— Вот тебе и «ленинец»! — бормотал Федор про Каменева. — Нет, за ЦК, и только за ЦК! Коллектив ленинцев, а не отдельные лица… Вот что странно, — рассуждал он, — как раз в последние годы идет волна возвращения на родину части белоэмигрантов, в газетах то и знай читаешь заявления о самороспуске меньшевистских и эсеровских организаций, — и тут-то внутри партии, словно на смену им, возникает одна оппозиция за другой. А может быть, это не странно? Может, тут закономерность какая?..
2
В Москве Пересветов задержался лишь месяц с небольшим. Поездку к детям он перенес поближе к началу осенней охоты, а пока решил побывать в Ленинграде, где хранился в архивах документальный фонд совета министров времен Столыпина. Костя собрался и в июне уехал к Сандрику.
Флёнушкин вышел встретить его к поезду.

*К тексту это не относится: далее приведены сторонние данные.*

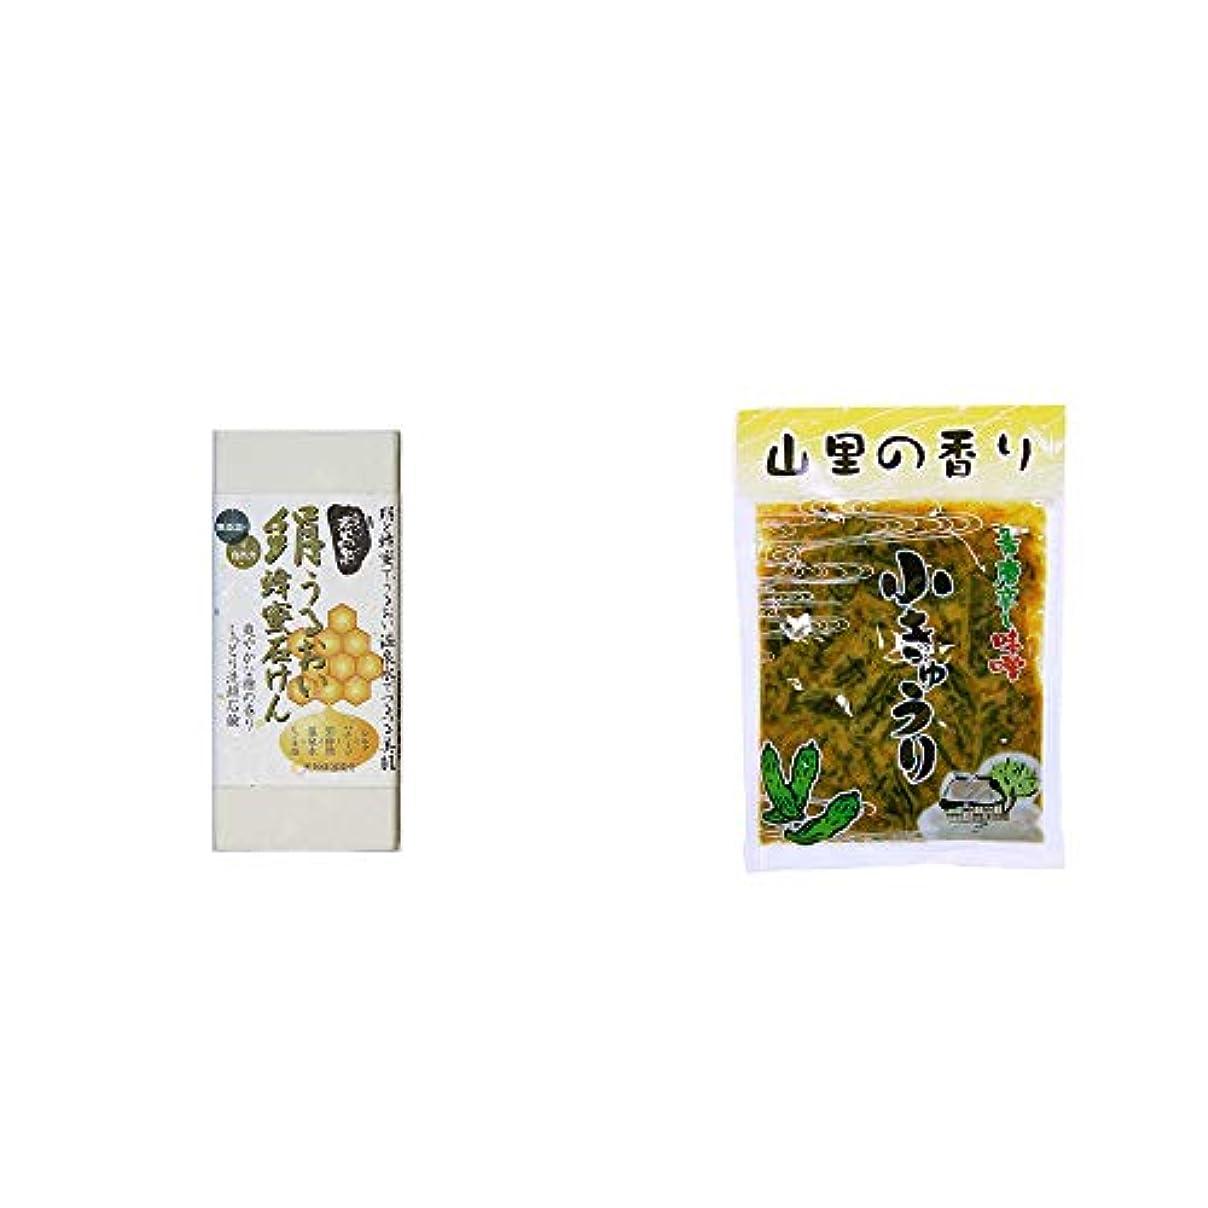 スクリュー航空機ミル[2点セット] ひのき炭黒泉 絹うるおい蜂蜜石けん(75g×2)?山里の香り 青唐辛し味噌 小きゅうり(250g)

На вокзальной площади при виде чугунного чудища — широкозадого императора на широкозадом битюге — Костя повеселел. В Ленинграде он с 1917 года не был и только сейчас впервые смог прочесть на пьедестале памятника Александру Третьему четверостишие Демьяна Бедного:
Мой сын и мой отец при жизни казнены,
А я пожал удел посмертного бесславья:
Торчу здесь пугалом чугунным для страны,
Навеки сбросившей ярмо самодержавья.
Едва отошли от памятника, Сандрик воскликнул:
— Бухарин-то, а? Договорился до «анришессе ву», «обогащайтесь»! И до целой концепции «врастания кулака в социализм». Махровым оппортунизмом припахивает!
— Да, представь себе. Иван Яковлевич говорит, что лозунг «обогащайтесь» Политбюро уже осудило.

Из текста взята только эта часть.